Bush and the Republicans are desperately trying to retain the Midwest vote, not so that they win the next Presidential election (they know they have lost that) but to stop the Republicans being wiped off the political map. To retain that vote, they have to appease the Bible-bashers and bribe the farmers.

That's why the US is paying such high subsidies to convert food into biofuel and why Bush is still forcing foreign governments into backing GM when there is no evidence that GM, in its current forms, can address the food crisis here or in developing countries.

Peter Lundgren

Lincoln

Sir: Jo Ripley (Letters, 20 June) has got the wrong end of many sticks. Modern intensive agriculture has enabled us to feed many more people than was thought possible 50 years ago, and to reduce the number of those actually starving.

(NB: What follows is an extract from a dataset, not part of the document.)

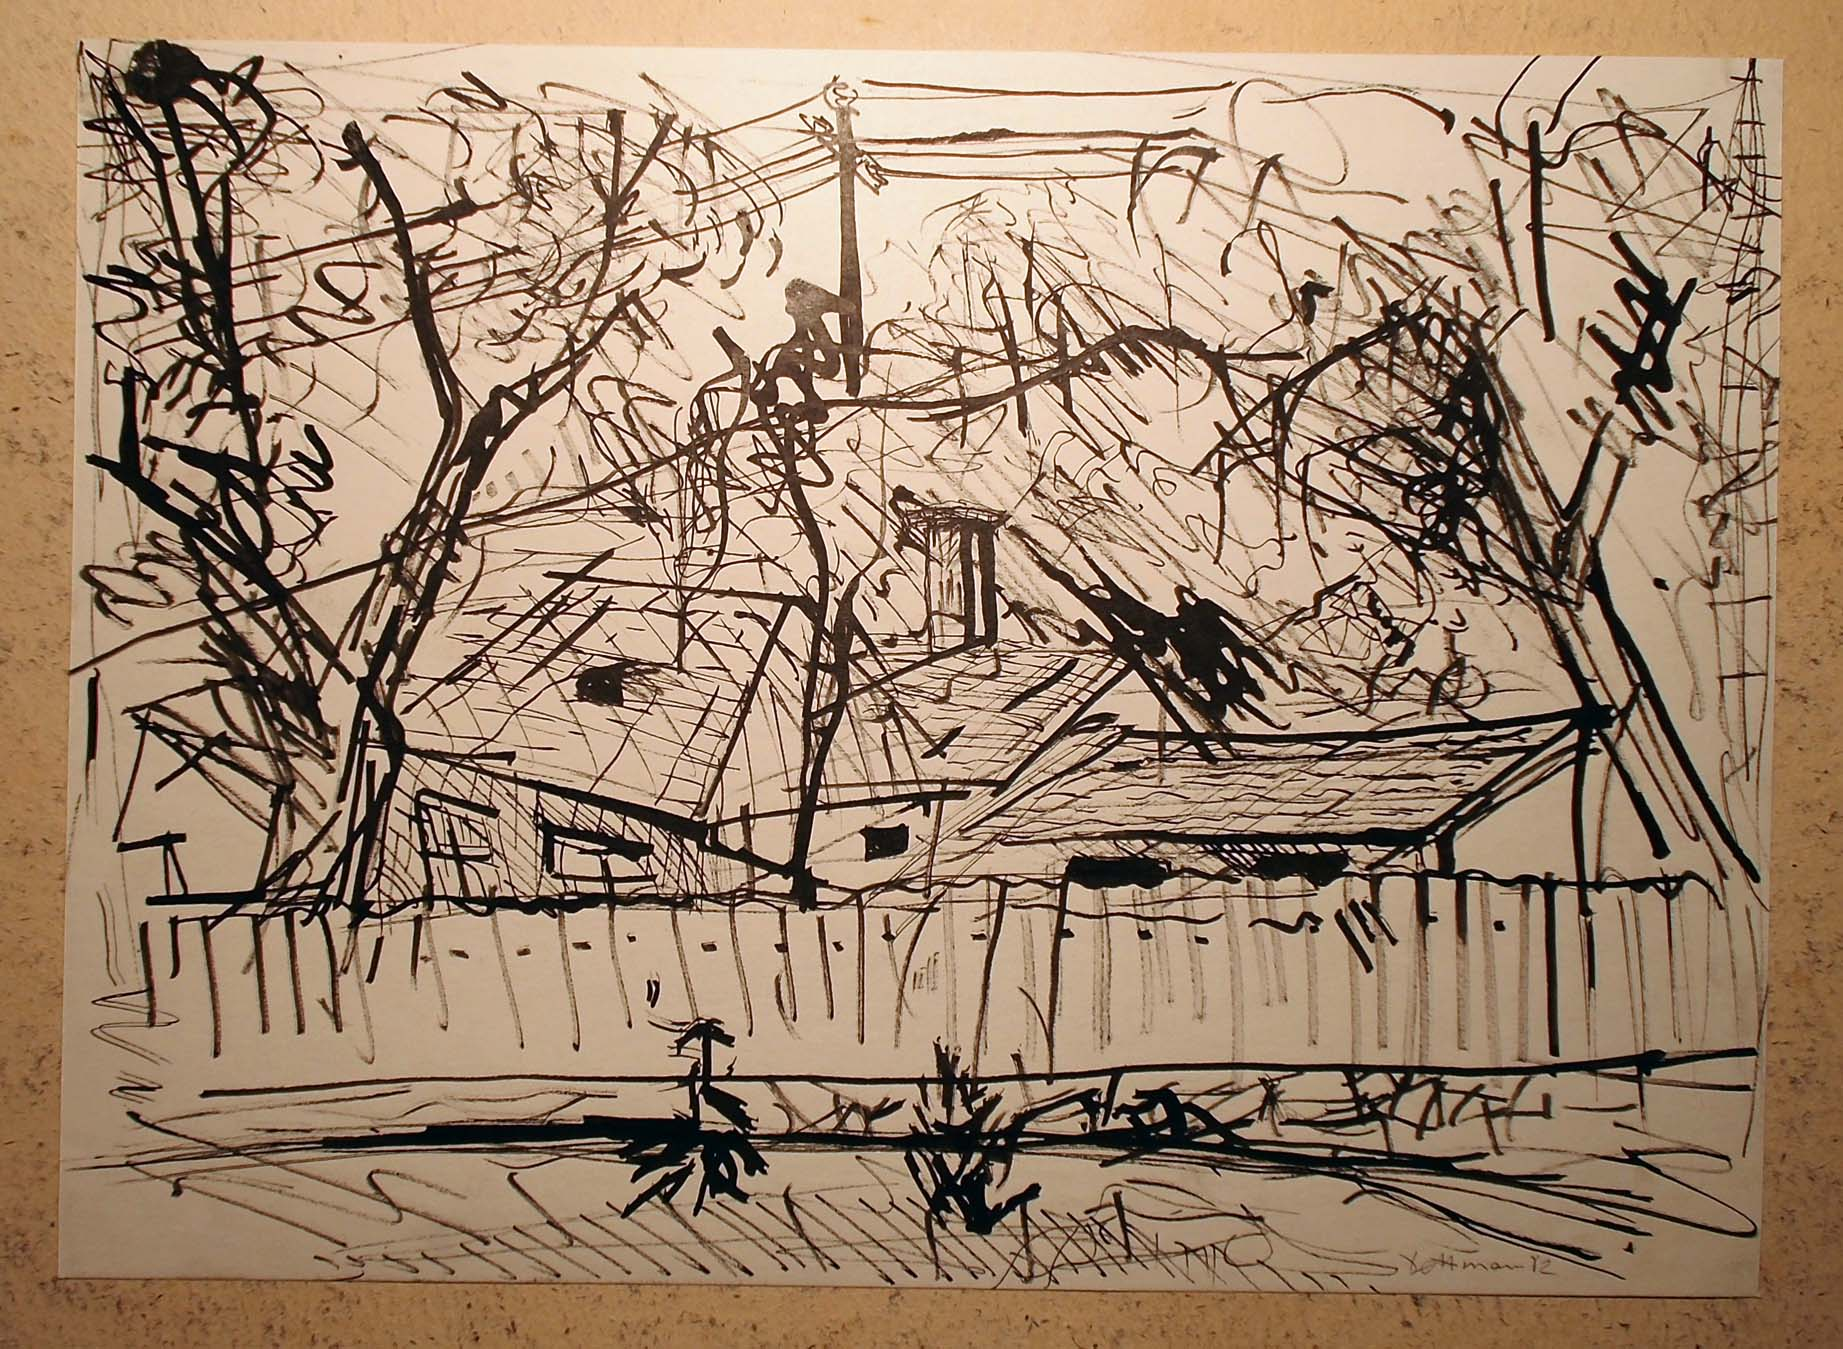 Pankpress Tusche Zeichnung In böhmischen Dörfern XI Peter Dettmann 1982

Of course GM companies want to make a profit. Does Ms Ripley want her pension funds invested in loss-making companies?

If data show that there is no increase in yield, why are so many farmers in so many countries freely buying such expensive seeds year on year? Data show that the area supporting GM crops has been increasing by 20 per cent a year worldwide for several years.

Alan Malcolm

London EC4

Sir: You remind us that Downing Street reported in 1999 that Tony Blair had eaten GM food and viewed it as safe ("Minister's promotion of GM crops will anger green lobby", 19 June). Surely his aberrant behaviour since eating the GM food should serve as a warning to us all.

Sidney Alford

Corsham, Wiltshire

Goals for toddlers breach human rights

Sir: Children's minister Beverley Hughes attempts to defend the indefensible aspects of the new Early Years Foundation Stage (EYFS) regime ("Ensuring excellent care for toddlers", letter, 19 June).

Her assertion that her department "consulted many early-years practitioners and professionals during the development of the EYFS", when we now have clear evidence that the consultation process was fundamentally flawed, is woefully misleading.

Ms Hughes's assertion that "under-fives will not 'be required to be assessed on 69 writing, problem-solving and numeracy skills' " is disingenuous. This is precisely the way in which an under-trained workforce is interpreting the developmental "guidance" in the new EYFS documentation. It is surely a core responsibility of government to take into account the way in which its policies will be interpreted on the ground, and not to be lulled into wishful fantasy by its own rhetoric.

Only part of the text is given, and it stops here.